The Inheritors - A. Bertram Chandler [51]
"Loud and clear, Commander. Danzellan here. My ETA your landing site is thirty minutes Standard, twenty-four minutes Local, from now. I have your Commander Lazenby with me. Over."
"Thank you, Captain Danzellan." Should he ask to speak with Maggie? No. She had made no attempt to speak with him. And Grimes was in a misogynistic mood. Women! Cats!
He returned to the viewport. He passed the time by mentally composing the sort of report—or complaint—that he would write if he were Drongo Kane.
To: Flag Officer in Charge of Lindisfarne Base
From: Drongo Kane, master and owner of s/s Southerly Buster
Subject: Piratical action by Lieutenant Commander John Grimes, Captain of ESS Seeker.
Sir,
I regret to have to report that while my vessel was proceeding on her lawful occasions she was wantonly attacked by your Seeker, under the command of your Lieutenant Commander Grimes. Commander Grimes not only used his armament to impede the embarkation of fare-paying passengers, subjecting them to a sleep gas barrage, but also fired upon Southerly Buster herself. Later he attempted to ram my ship after she had lifted off, and only the superlative skill of my chief officer, who was in charge of the vessel at the time, averted a collision. Although contact between the two ships was avoided contact with the ground was not. As a result of this, Southerly Buster sustained severe structural damage . . .

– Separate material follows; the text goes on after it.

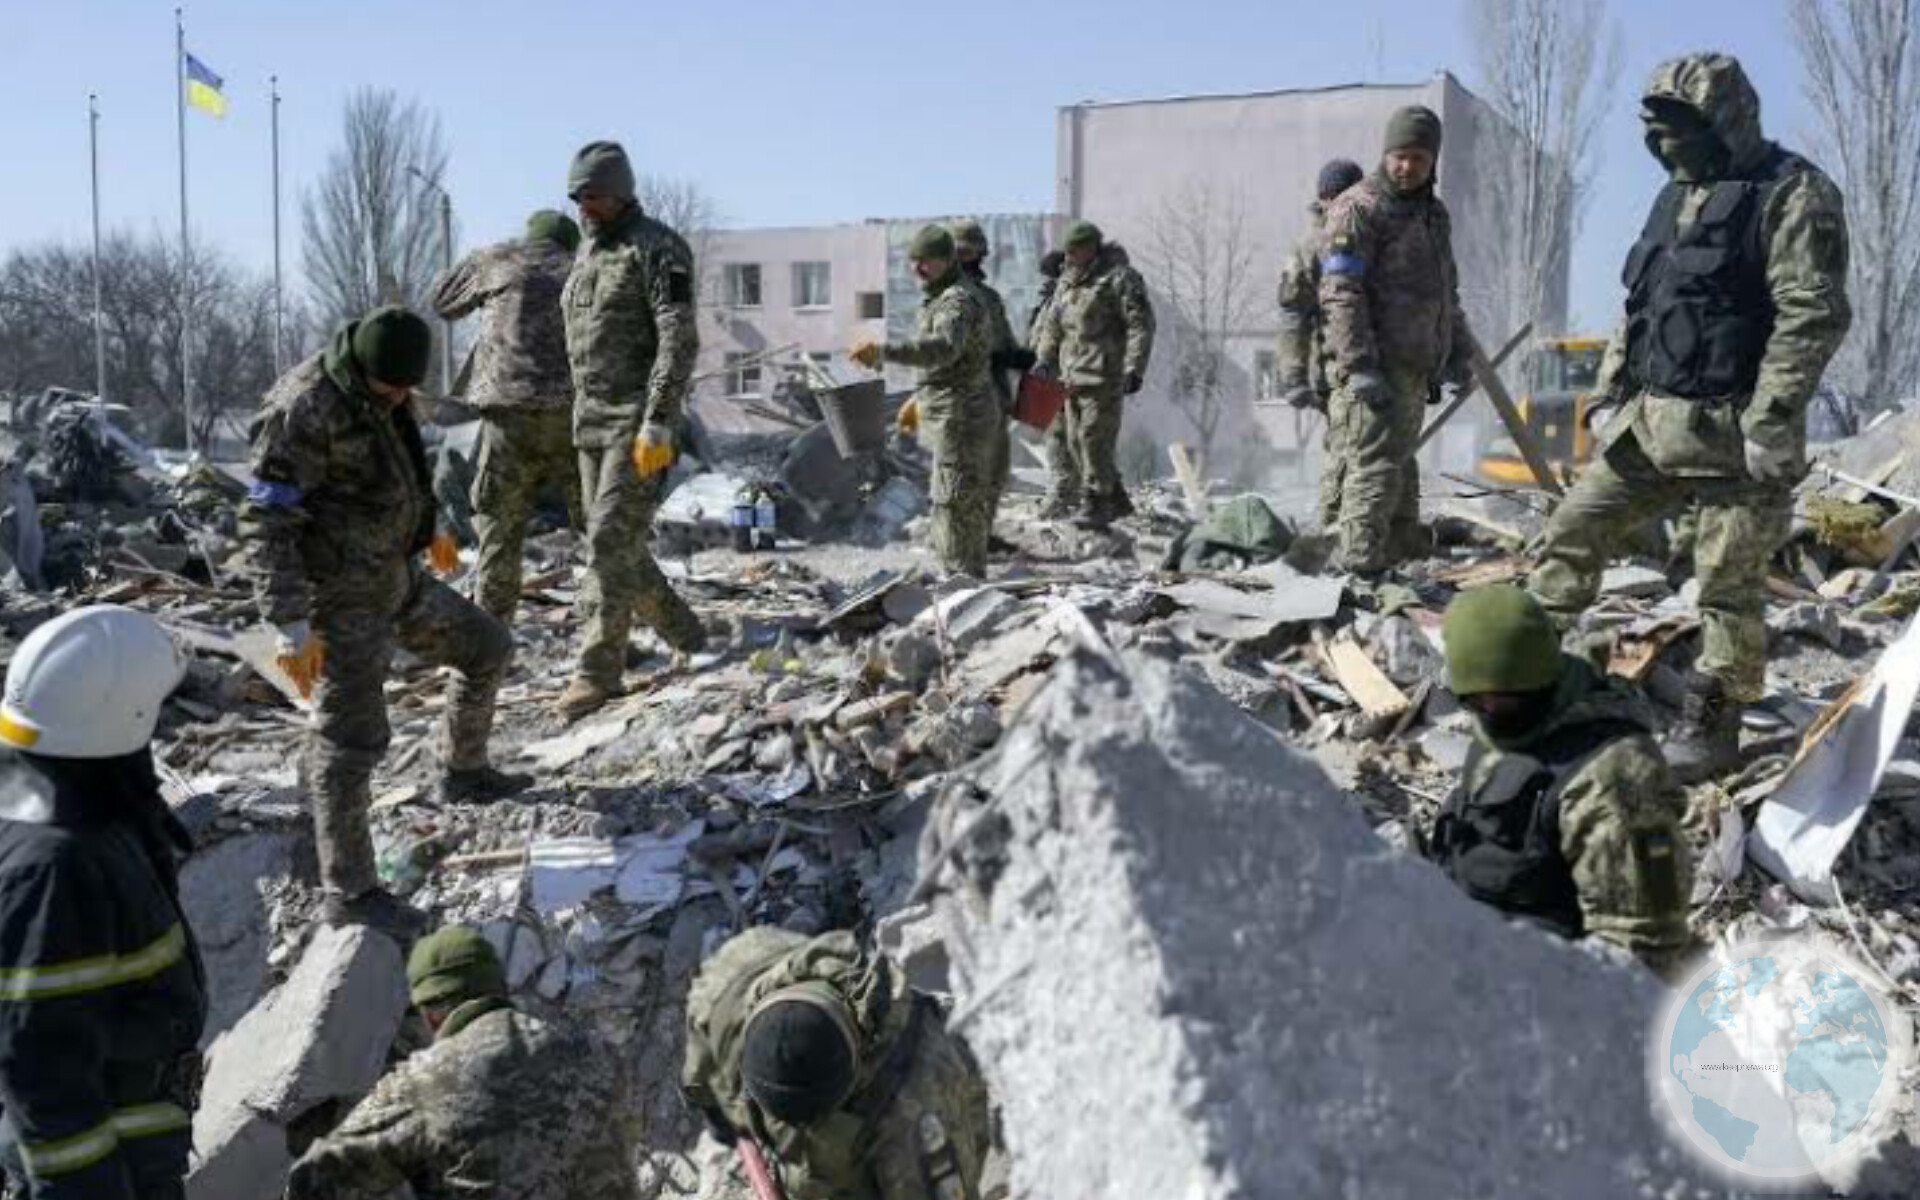 64 Russian Soldiers were Killed in the Ukrainian Missile Attack

"Pinnace in sight visually, sir," reported the O. O. W.
"Thank you, Mr. Giles."
Danzellan came in more slowly and cautiously than Kane had done, but he wasted no time, setting his craft down at the foot of Seeker's ramp. Grimes watched Schnauzer's master get out, then help Maggie Lazenby to the ground. He told Giles to telephone down to the airlock sentry, instructing the man to inform Captain Danzellan and Maggie that he would be waiting for them in his quarters. He went down to his day cabin, hastily shutting the door between it and his bedroom. The smell of cat was still strong.
He found and filled his foulest pipe, lit it. When Danzellan and Maggie came in he was wreathed in an acrid, blue smog.
"What a fug!" she exclaimed.
The intercom telephone buzzed. It was the O.O.W. calling. "Sir, Captain Kane and his chief officer are at the airlock. They wish to speak to you."
"Send them up," said Grimes.
"What in the universe have you been doing, Commander?" asked Danzellan. "Fighting a small war?"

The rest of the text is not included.